The ability of young children to control their emotional and cognitive impulses, it turns out, is a remarkably strong indicator of both short-term and long-term success, academic and otherwise. In some studies, self-regulation skills have been shown to predict academic achievement more reliably than I.Q. tests. The problem is that just as we’re coming to understand the importance of self-regulation skills, those skills appear to be in short supply among young American children. In one recent national survey, 46 percent of kindergarten teachers said that at least half the kids in their classes had problems following directions. In another study, Head Start teachers reported that more than a quarter of their students exhibited serious self-control-related negative behaviors, like kicking or threatening other students, at least once a week. Walter Gilliam, a professor at Yale’s child-study center, estimates that each year, across the country, more than 5,000 children are expelled from pre-K programs because teachers feel unable to control them.

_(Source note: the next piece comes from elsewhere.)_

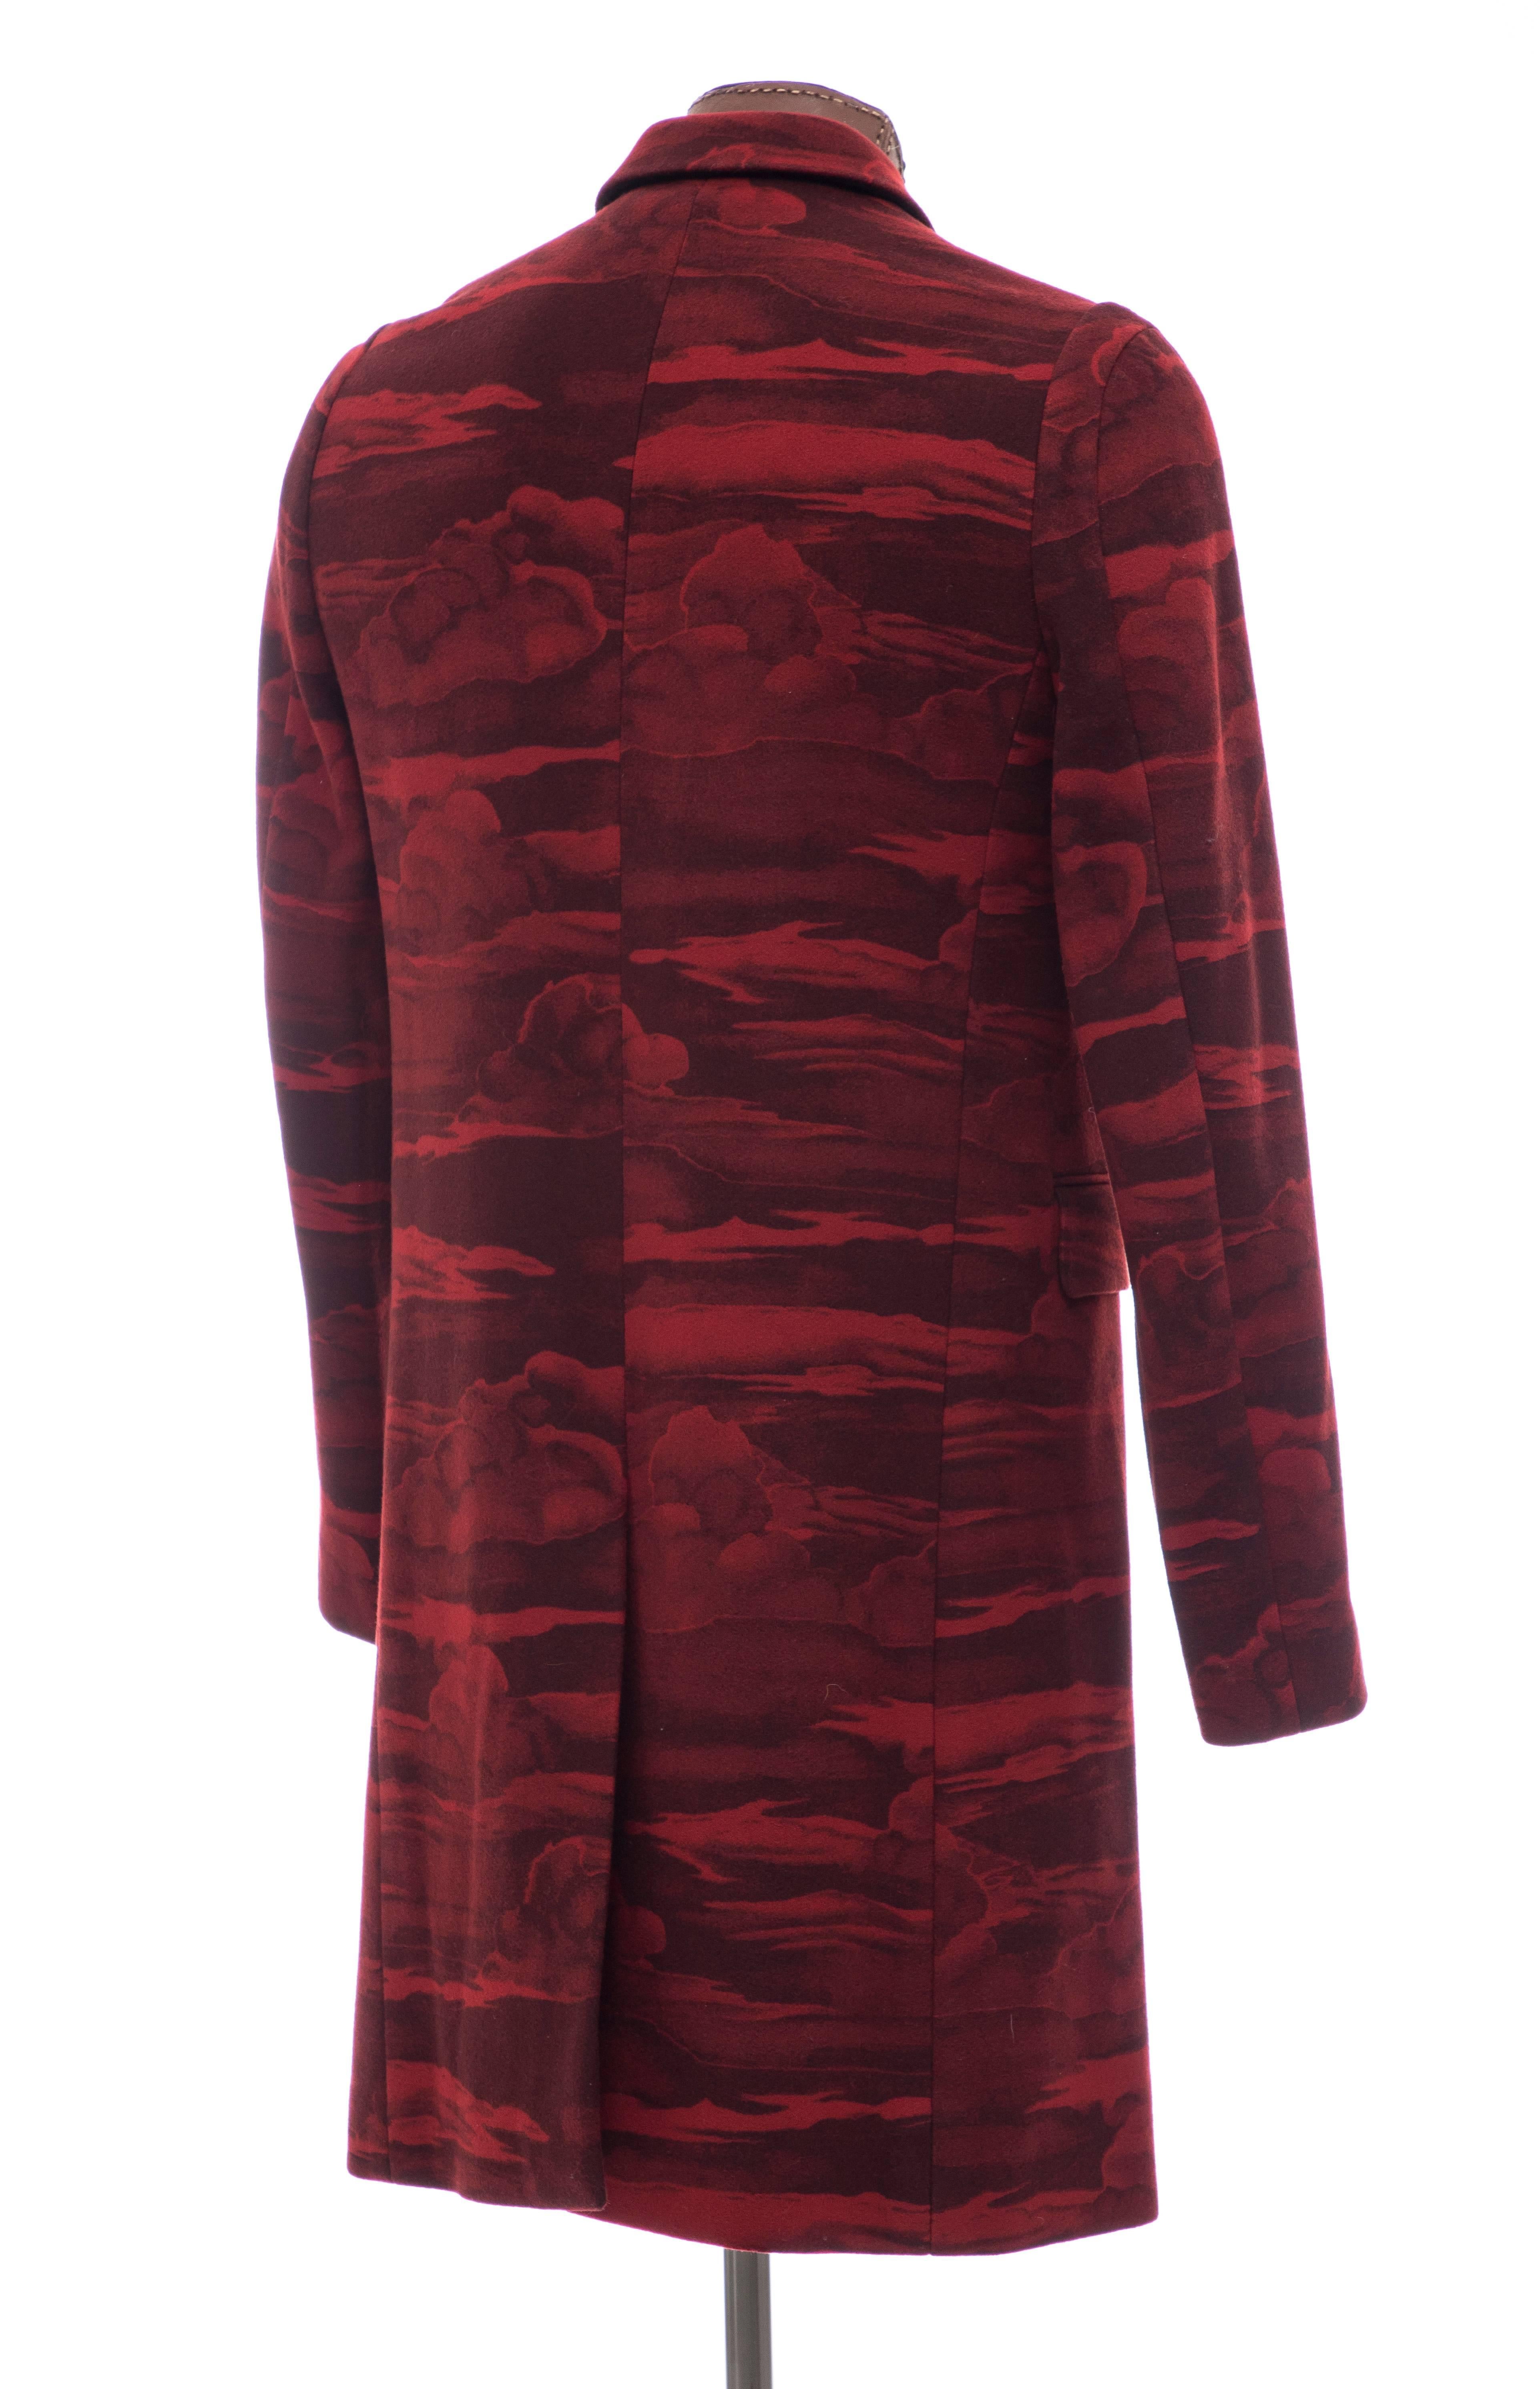 Kenzo Men's Runway Wool Red Cloud Print Coat, Fall 2013 1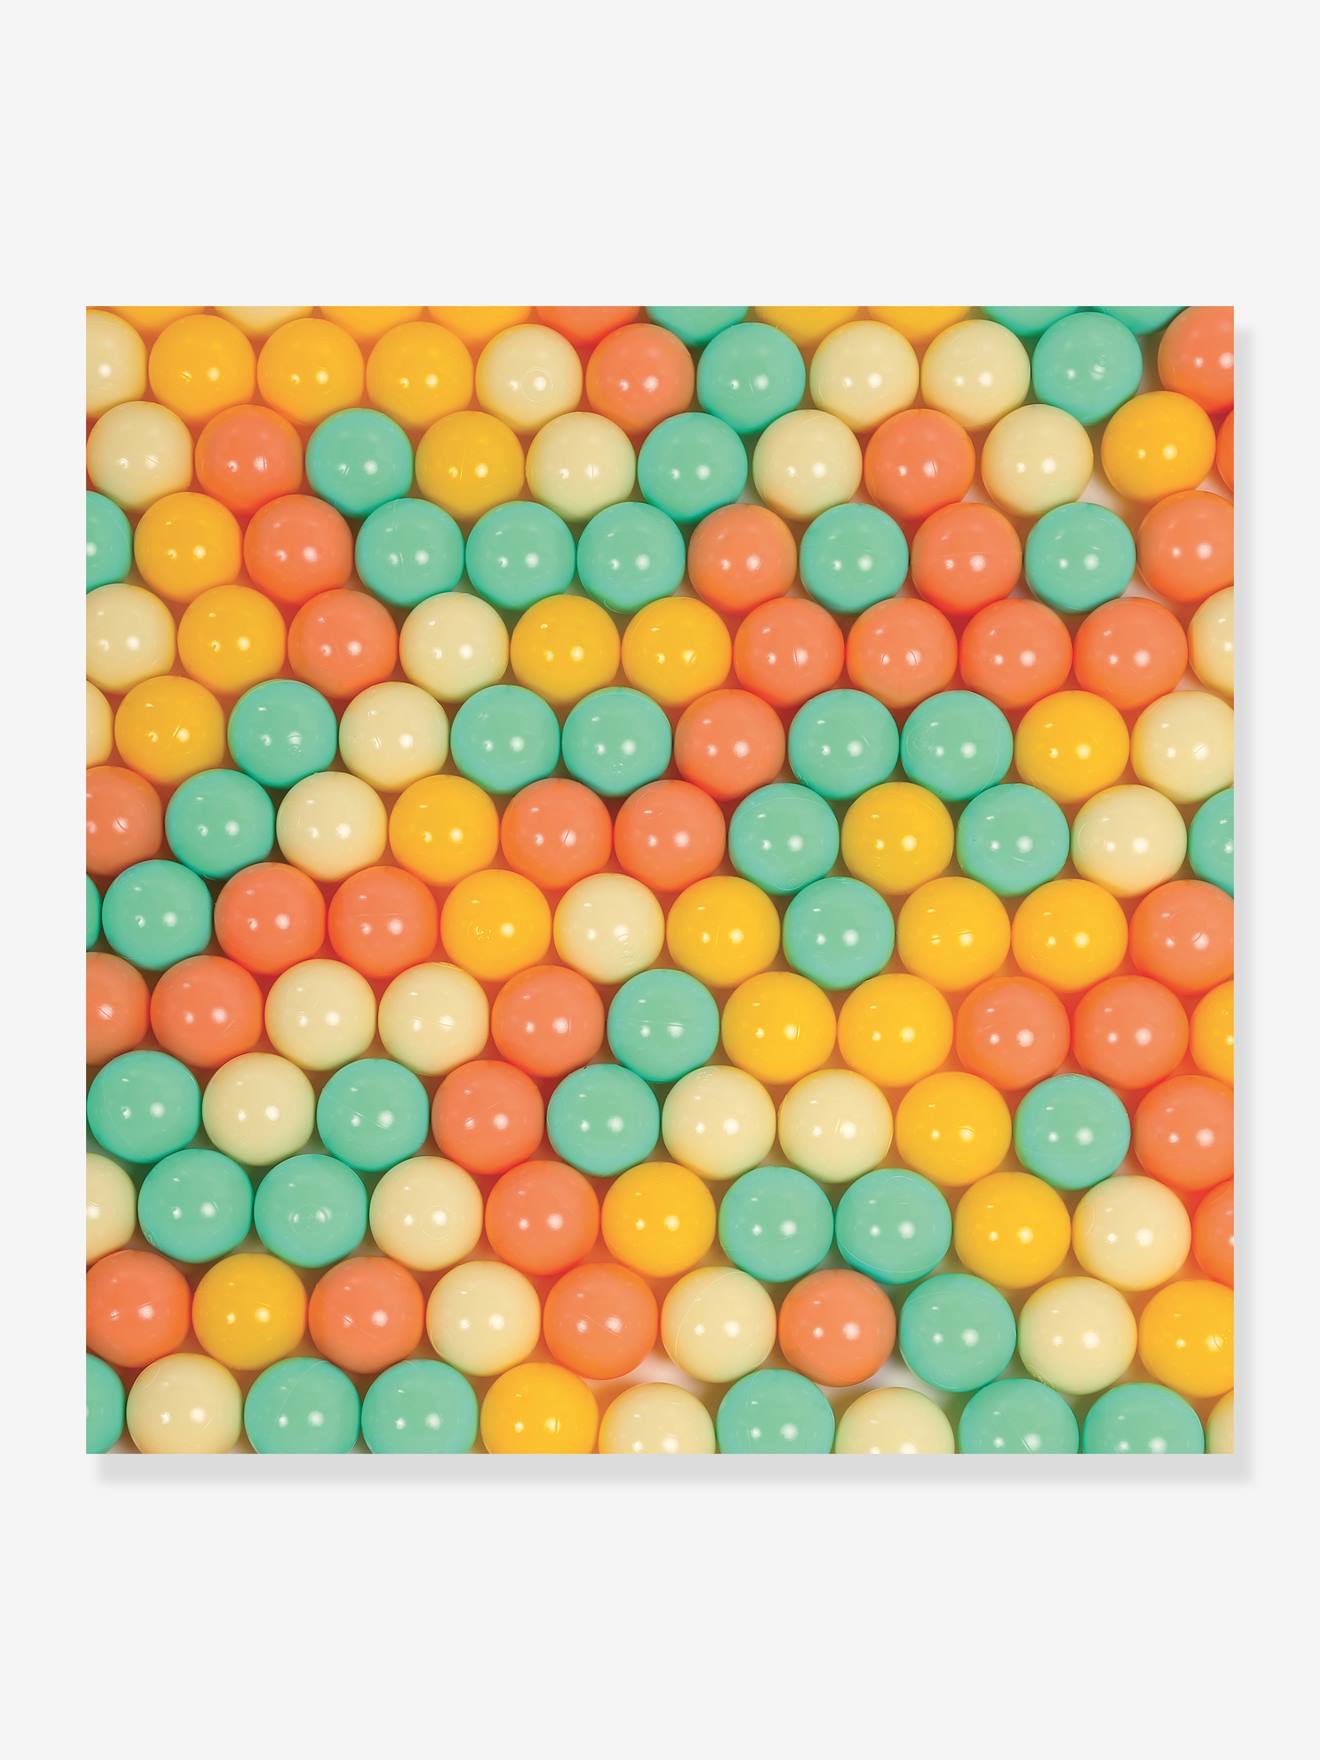 Balle de jeu - multicolore - Kiabi - 6.00€

There is a popular belief that executive-function skills are fixed early on, a function of genes and parenting, and that other than medication, there’s not much that teachers and professionals can do to affect children’s impulsive behavior. In fact, though, there is growing evidence that the opposite is true, that executive-function skills are relatively malleable — quite possibly more malleable than I.Q., which is notoriously hard to increase over a sustained period. In laboratory studies, research psychologists have found that with executive function, practice helps; when children or adults repeatedly perform basic exercises in cognitive self-regulation, they get better at it. But when researchers try to take those experiments out of the lab and into the classroom, their success rate is much lower. Angela Duckworth, a psychologist at the University of Pennsylvania, has spent the last seven years trying to find reliable, repeatable methods to improve self-control in children. When I spoke to her recently, she told me about a six-week-long experiment that she and some colleagues conducted in 2003 with 40 fifth-grade students at a school in Philadelphia.
“We did everything right,” she told me: led the kids through self-control exercises, helped them reorganize their lockers, gave them rewards for completing their homework. And at the end of the experiment, the students dutifully reported that they now had more self-control than when they started the program. But in fact, they did not: the children who had been through the intervention did no better on a variety of measures than a control group at the same school. “We looked at teacher ratings of self-control, we looked at homework completion, we looked at standardized achievement tests, we looked at G.P.A., we looked at whether they were late to class more,” Duckworth explained. “We got zero effect on everything.” Despite that failure, Duckworth says she is convinced that it is possible to boost executive function among children — she just thinks it will require a more complex and thoroughgoing program than the one that she and her colleagues employed. “It’s not impossible,” she concludes, “but it’s damn hard.”